All on board for York Central | Q&A with Tom Gilman

Place Yorkshire met with the managing director of McLaren, to discuss how one of the largest city centre regeneration schemes in the country is progressing and what it will mean for York’s economy and housing.

York Central is a once-in-a-generation regeneration project currently underway in the historic city, which will introduce a new entrance to the west of the train station and next to that, Museum Square will comprise the improved National Railway Museum, a new hotel, and public realm. This will all link to a central business district, which will house grade A offices and an innovation hub, running parallel to the rail station. Moving on from the CBD, housing will be created – approximately 2,500 homes, to be more specific.

To put it into context, the York Central district will be 110 acres, roughly around two-thirds of the size of the historic walled city, and is a game-changing masterplan that has been in the works for almost 40 years.

How does viability work in a project on this scale? 

I think the scale makes it better. When Homes England and network rail set about selecting the development partner, it was telling in the way that it was run: it was 70% around the social and the environmental scoring as opposed to 30% on the financial scoring. It was really focused upon the positive outcomes this regeneration project could have, rather than the land receipts.

The structure of the deal is that we have a viability hurdle, we have a minimum value, which is minimal enough that we can make this viable. And the having somebody like Homes England putting in £135m of infrastructure, you never get the private sector doing that. It wouldn’t have been viable. 
So we’re in a space where we are able to draw the land down to a minimum value and deliver the scheme, which is more focused on the positive outcomes rather than the financial return to Homes England. That’s a lovely position to be in, and will enable us to accelerate development and deliver faster and deliver more, hence we’re building 1,000 homes in Phase 1, which is a huge piece.

It’s an amazing example of public private partnership and I think this is the way it should be done. 
Public sector putting in the infrastructure, the private sector coming in to do the delivery piece, and if you structure it properly and you concentrate on the positive outcomes rather than just the return on the infrastructure money, that is going to lead you to the right way to deliver regeneration. This could be a showcase for the future about how it gets done.

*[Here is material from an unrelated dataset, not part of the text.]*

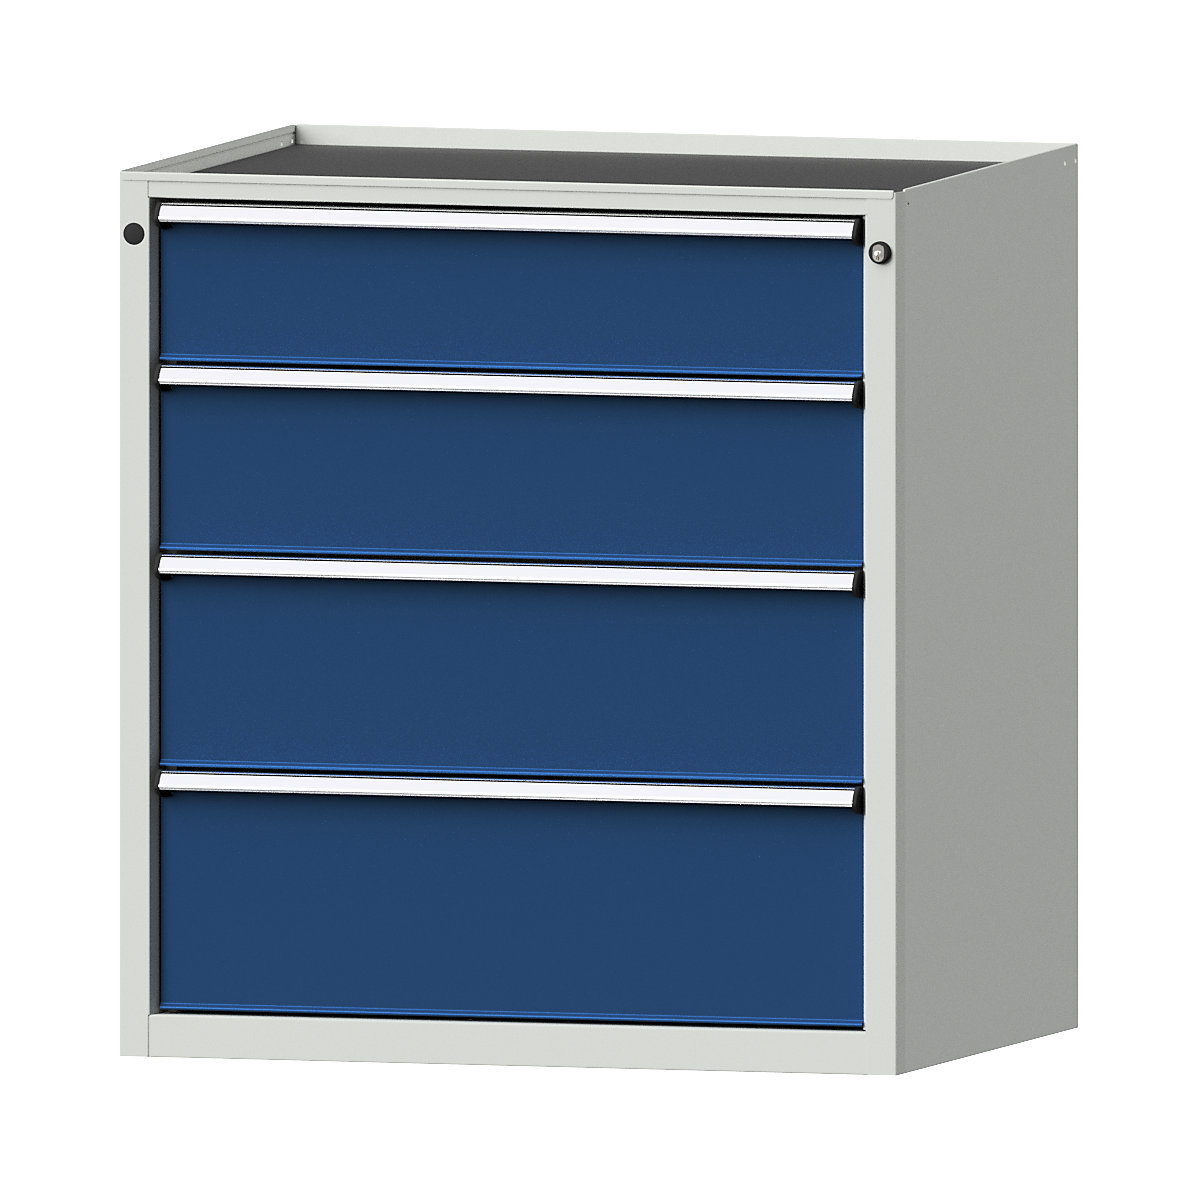 Armoire à tiroirs – ANKE, l x p 910 x 675 mm, 4 tiroirs, hauteur 980 mm, façade bleu gentiane-13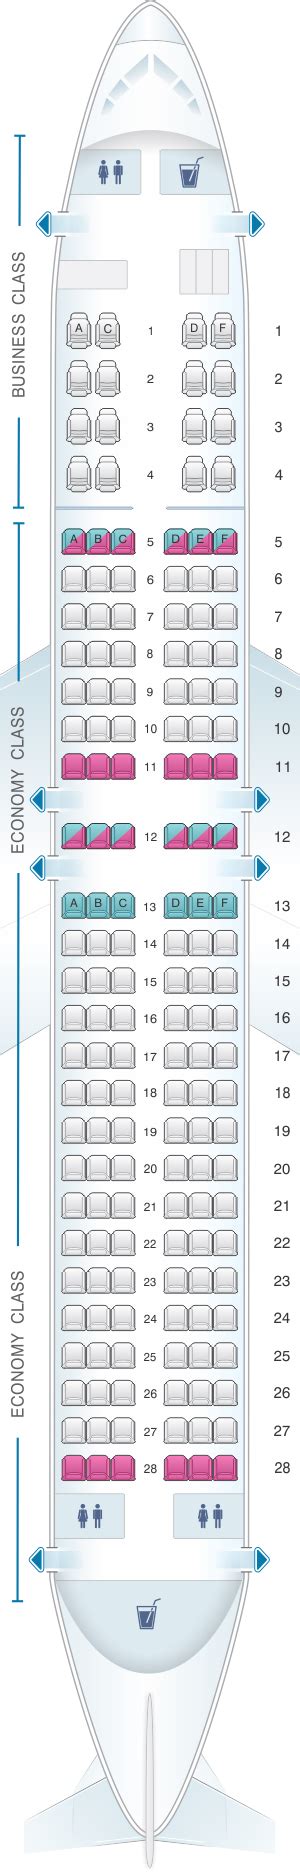 Seat Map Egyptair Boeing B737 800

Then there’s all of the positive support from the key stakeholders. Everybody’s bought into it, everybody wants to see it happen.

This project, it’s certainly one of the biggest in the country but what I’m looking to do is deliver the biggest impact, which I think this has the ability to do, through jobs and affordable housing. The S106 requires us to deliver 20% affordable, but everybody knows that York is an expensive place to live, and providing more affordable housing has always been an aspiration of the of the council and Homes England.

One of the first meetings we had with, Peter Denton, who was the CEO at the time, he asked, ‘Can you deliver more? And can you deliver more affordable housing?’ – well, absolutely, if we all work together, 100%, we can do that. 
We’re targeting 40% affordable, which is an example of how public and private can work together to deliver more with homes England and the combined authority in the council, all leaning in and supporting that.